What are the Different Types of Collagens?

As mentioned, a large part of the human body’s protein content is still a mystery to even the most knowledgeable physiologist. Therefore, not all collagens have been specifically identified yet. Nevertheless, at least 28 different collagen protein variations have been identified and verified till date. Since then, the identified amino acid chains have been broadly classified under five separate categories as follows:

1.              Type I: Dense and highly beneficial for bones, ligaments, tendons, and skin.

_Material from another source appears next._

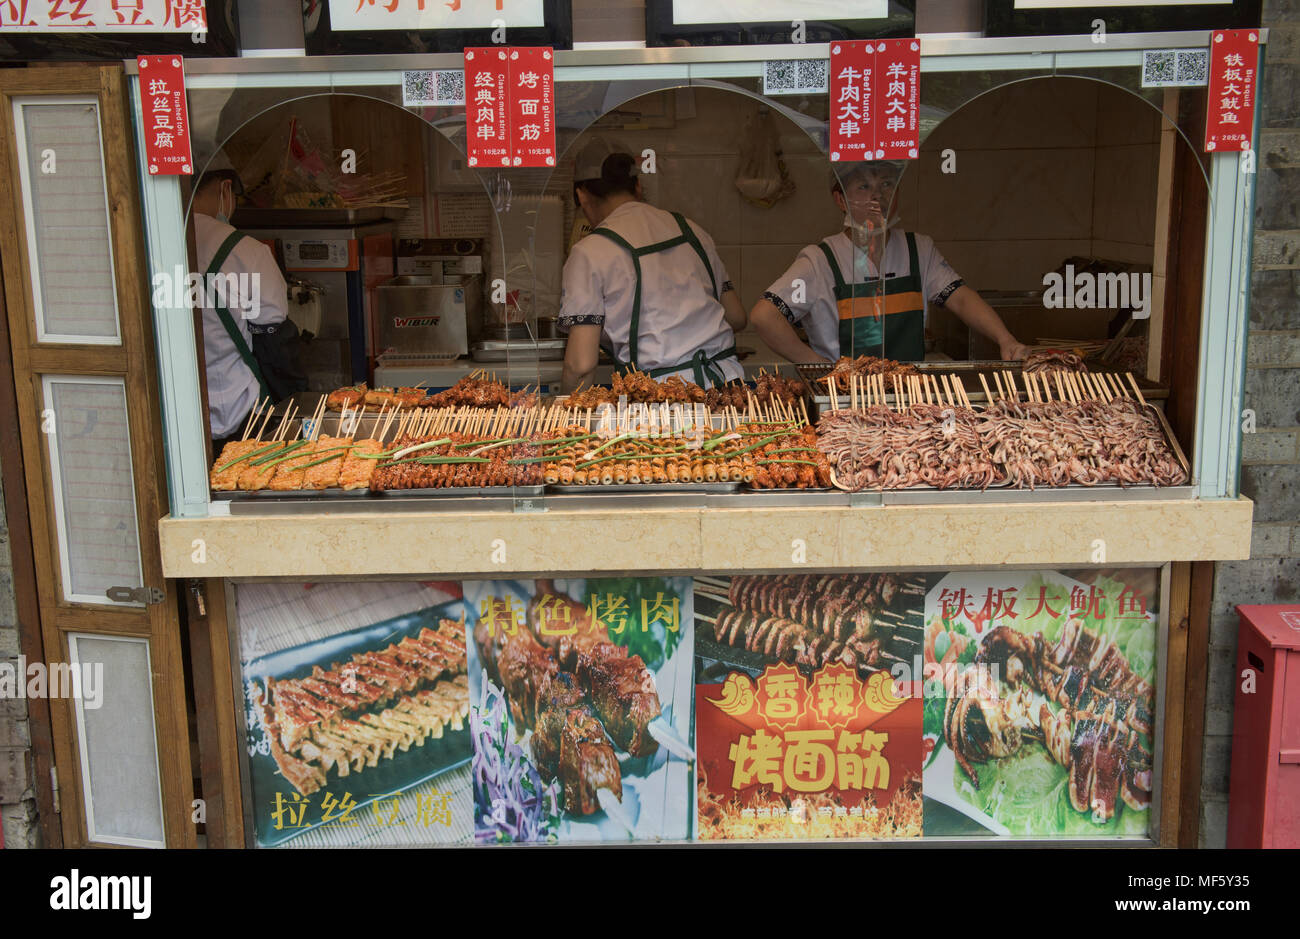 Skewers for sale on Jinli Ancient Street, Chengdu, China Stock Photo

2.              Type II: High water content, beneficial for cartilage tissues (knees, inner ears, trachea, etc.)

3.              Type III: Less dense than Type I, but essential for tissue cohesion in organs.

4.              Type V: Forms a membranous sheet of protective layer.

5.              Type X: Least essential and can be dangerous in large quantities, as it is identified as a possible marker of rheumatoid arthritis.

Which is the Most Important Collagen for Humans?

Out of the five types of collagen proteins mentioned, Type I, Type II, and Type III are of most use to us. These three proteins make up about 90% of the total collagen content of an average human body. However, Type I and Type III are significantly more prevalent than Type II collagen proteins.

It indicates that those two are also the most useful variants out of the three primary collagens identified in us so far. Aside from improving skin elasticity and muscle density, Type I and Type III collagen proteins have the highest propensity to reduce fat and hydrate skin from the inside.

What are the Sources of Collagen?

There are several natural sources of collagen, and they are all derived from animal products. The richest sources of collagen are as follows:

·        Bone broth made from the bones of cattle and poultry.

·        Poultry in general, including chicken, eggs, and turkey.

·        Certain fruits such as oranges, grapefruits, berries, pineapples, and kiwis.

·        Leafy greens and most beans are rich in collagen.

·        Certain herbs and spices such as garlic and ginger can be helpful, but the small quantity of intake may limit benefits.

·        Supplementation (Powders, capsules, etc.)

Are the Other Collagen Types Necessary?

The short answer is yes, barring only Type X collagens. All the other four identified groups of collagen proteins are essential. We stand to benefit most from rounded sources of nutrition that cover all four types. Type I and Type III might be the most important, but meal plans that cover all four categories would be even more beneficial.

However, if you are looking to use a collagen supplement, it should be primarily rich in Type I and Type III collagens to best meet the adult body’s main needs. We tend to benefit more from the concentrated nature of collagen supplements, especially as we get older.